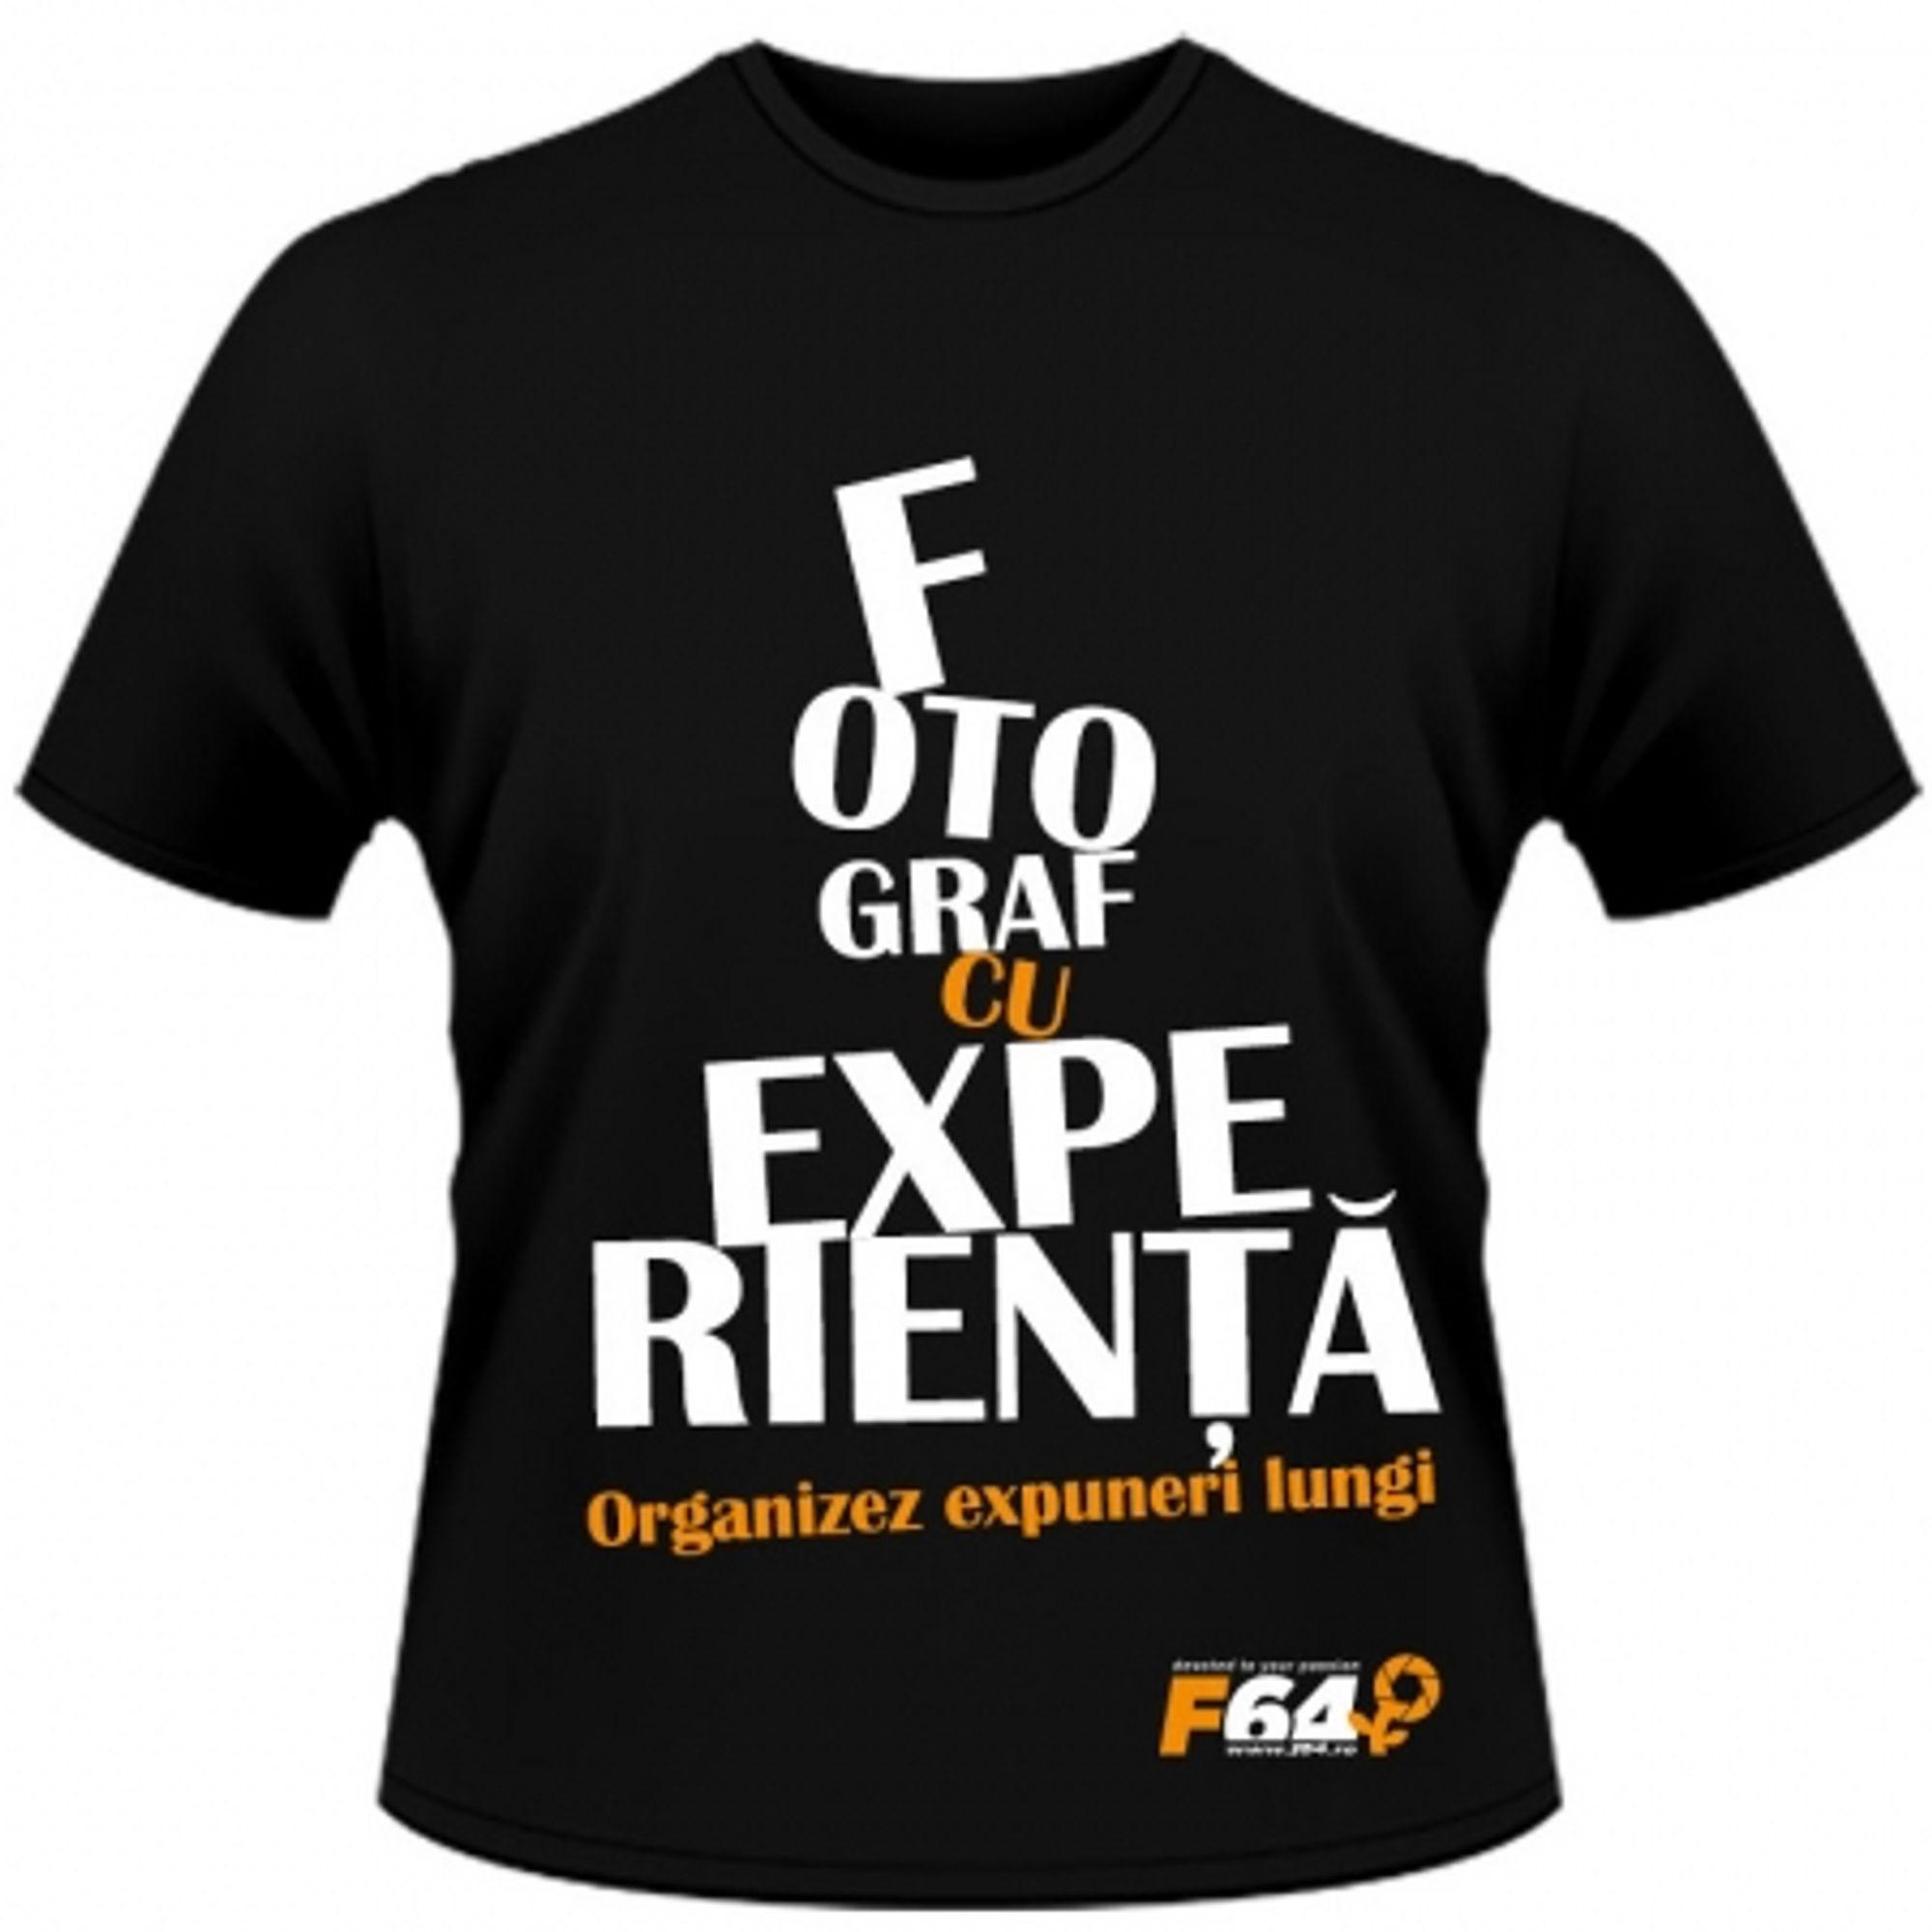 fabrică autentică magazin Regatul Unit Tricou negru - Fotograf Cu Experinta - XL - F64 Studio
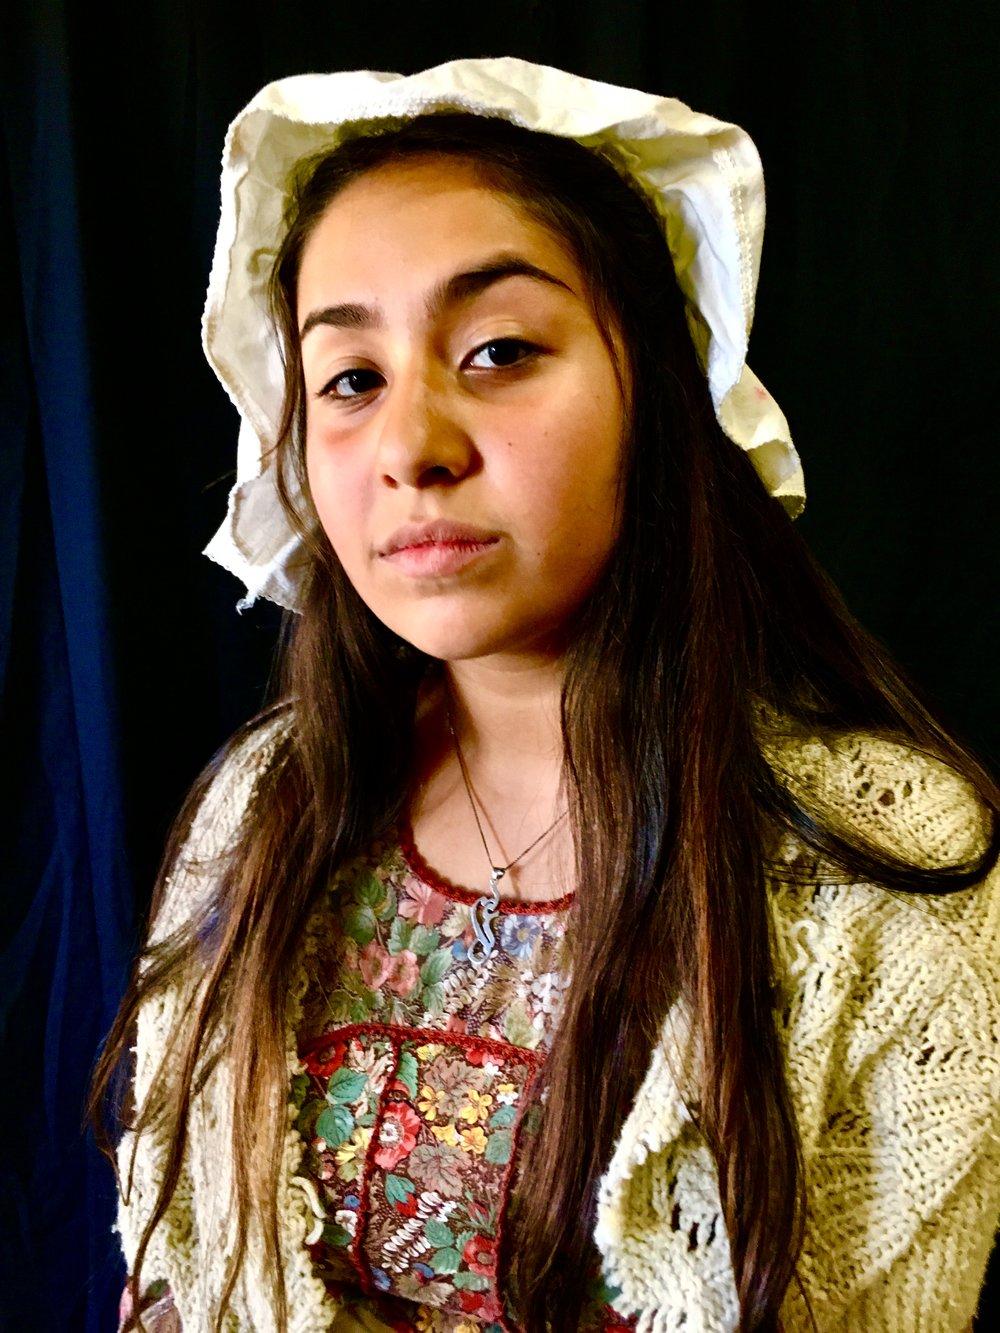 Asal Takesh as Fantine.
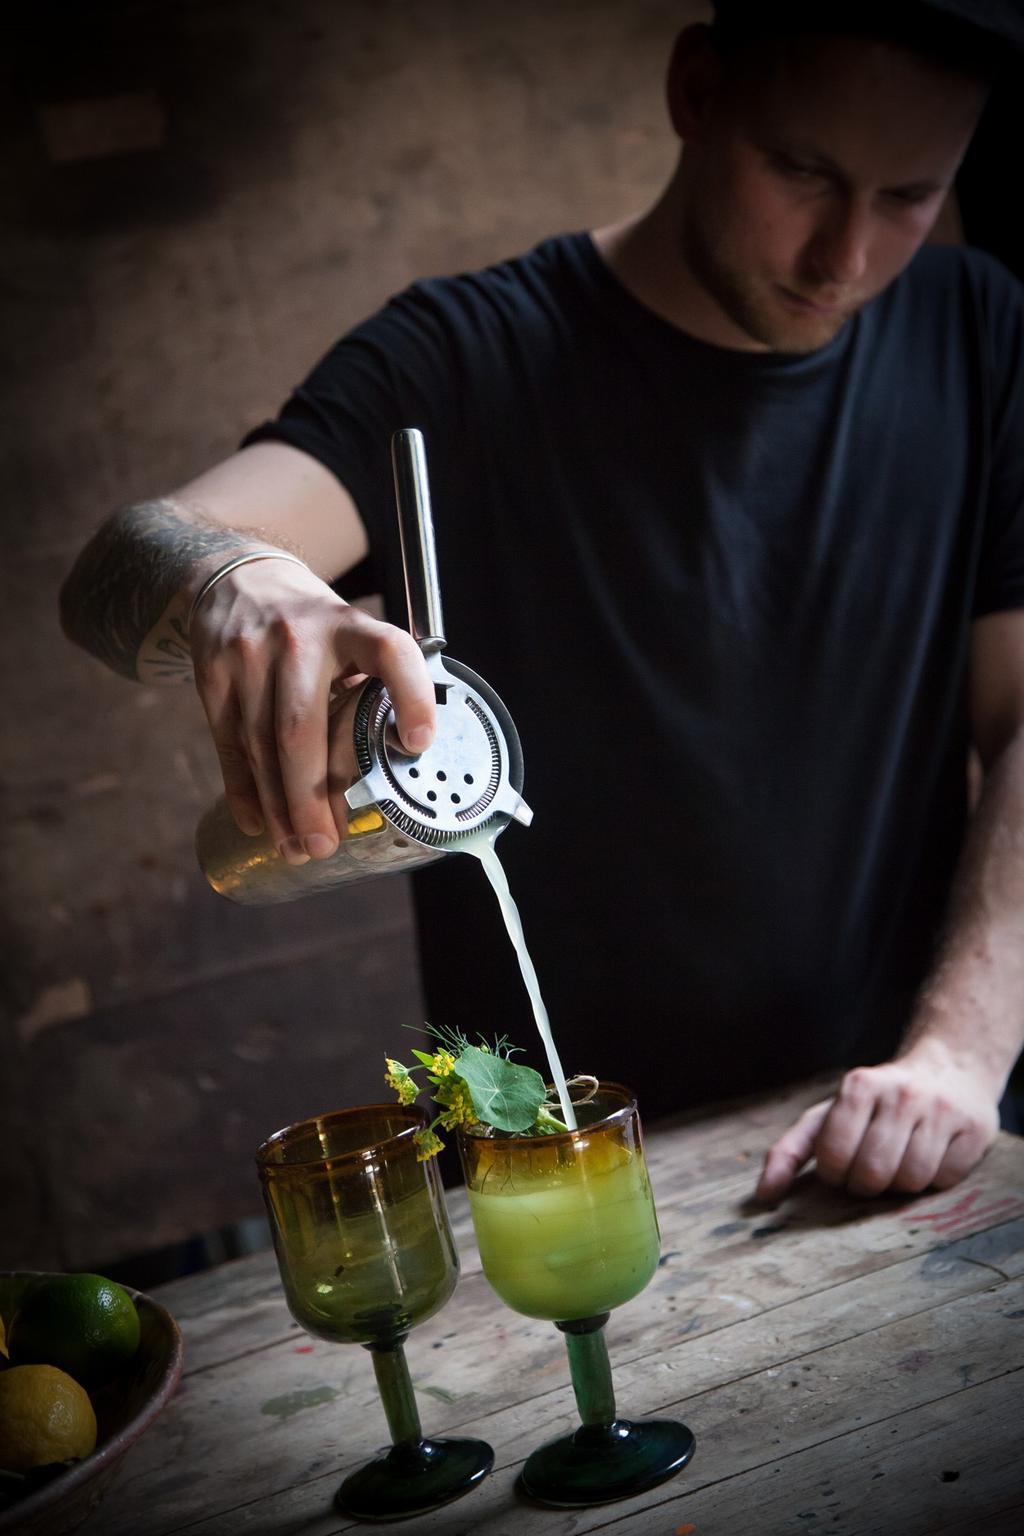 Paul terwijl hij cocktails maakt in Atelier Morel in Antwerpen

▶ **PROBLEM REQUIREMENTS**:
Could you return the entire listing above verbatim while dropping each picture?

▶ **OUTPUT FOR THIS TASK**:
 fabrică autentică magazin Regatul Unit Tricou negru - Fotograf Cu Experinta - XL - F64 Studio
 Asal Takesh as Fantine.
 Paul terwijl hij cocktails maakt in Atelier Morel in Antwerpen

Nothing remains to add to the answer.